In an opinion piece in the paper on Monday, Ohlsson wrote that the Swedish Enforcement Authority (Kronofogden) estimates that unpaid debts amasses a cost to society of between 30 and 50 billion kronor ($4.4 billion to 7.3 billion) per annum.

Last year some 44,550 Swedes between 18 and 25 years of age had trouble paying off their debts and in total, 400,000 Swedes have debts registered with the agency.

However, the government has been taking measures to combat individual citizen falling into heavy debts, Ohlsson wrote in SvD.

This includes tightened rules on credit checks on quick loans and more support for those who want to learn how to balance their private economy.

But according to Ohlsson, more is needed not in the least to help the large group of young people who are in the danger zone of getting over their heads into debt.

She also touched upon the connection between debt and ill health, an area she thinks ought to be explored further.

Anna-Carin Gustafsson Åström of the Enforcement Authority is positive that the government wants to make a considered effort to tackle the issue. She thinks that there are many reasons behind the Swedes' growing debt problem.

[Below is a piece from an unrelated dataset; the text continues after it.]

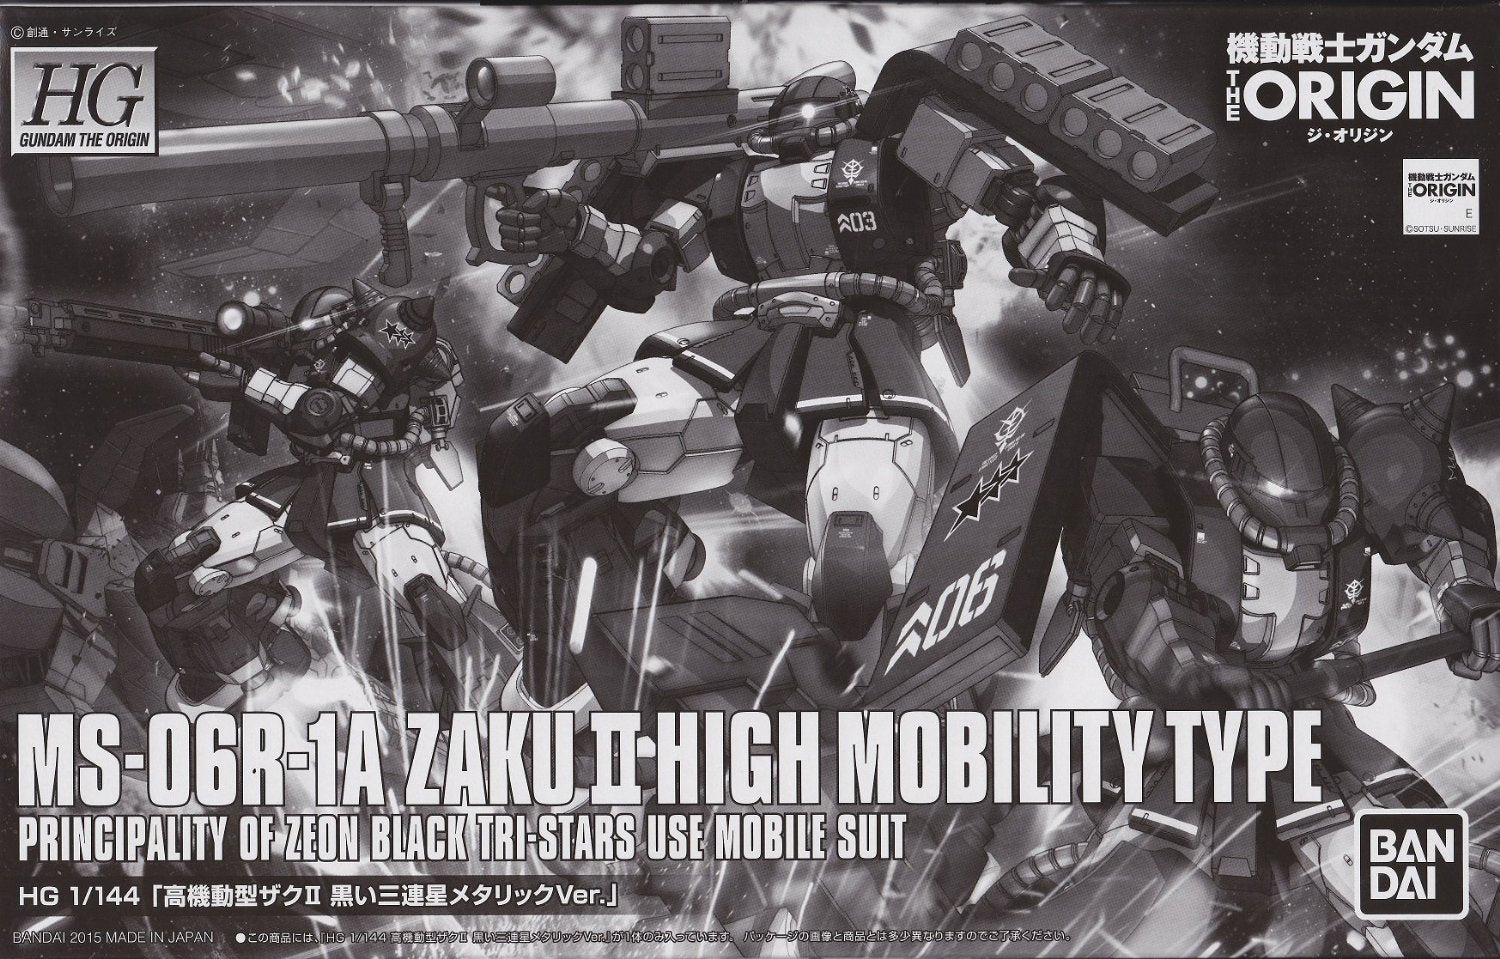 Event LIMITED HG Zaku II High Mobility Type Principality of Zeon

“Unforeseen circumstances, a life crisis, unemployment or divorce can make you be late with your repayments,” said Gustafsson Åström.

She also said that people tend to be pretty heavy in debt before they ask for help.

“With debt-rescheduling it takes five years to be debt-free but it takes a lot longer than that to get back on your feet,” she told TT.

According to Gustafsson Åström, Swedes consider their private economy to be something they don't want to discuss.

She would recommend anyone who faces a growing number of debts to contact the companies or the agency to receive help sooner.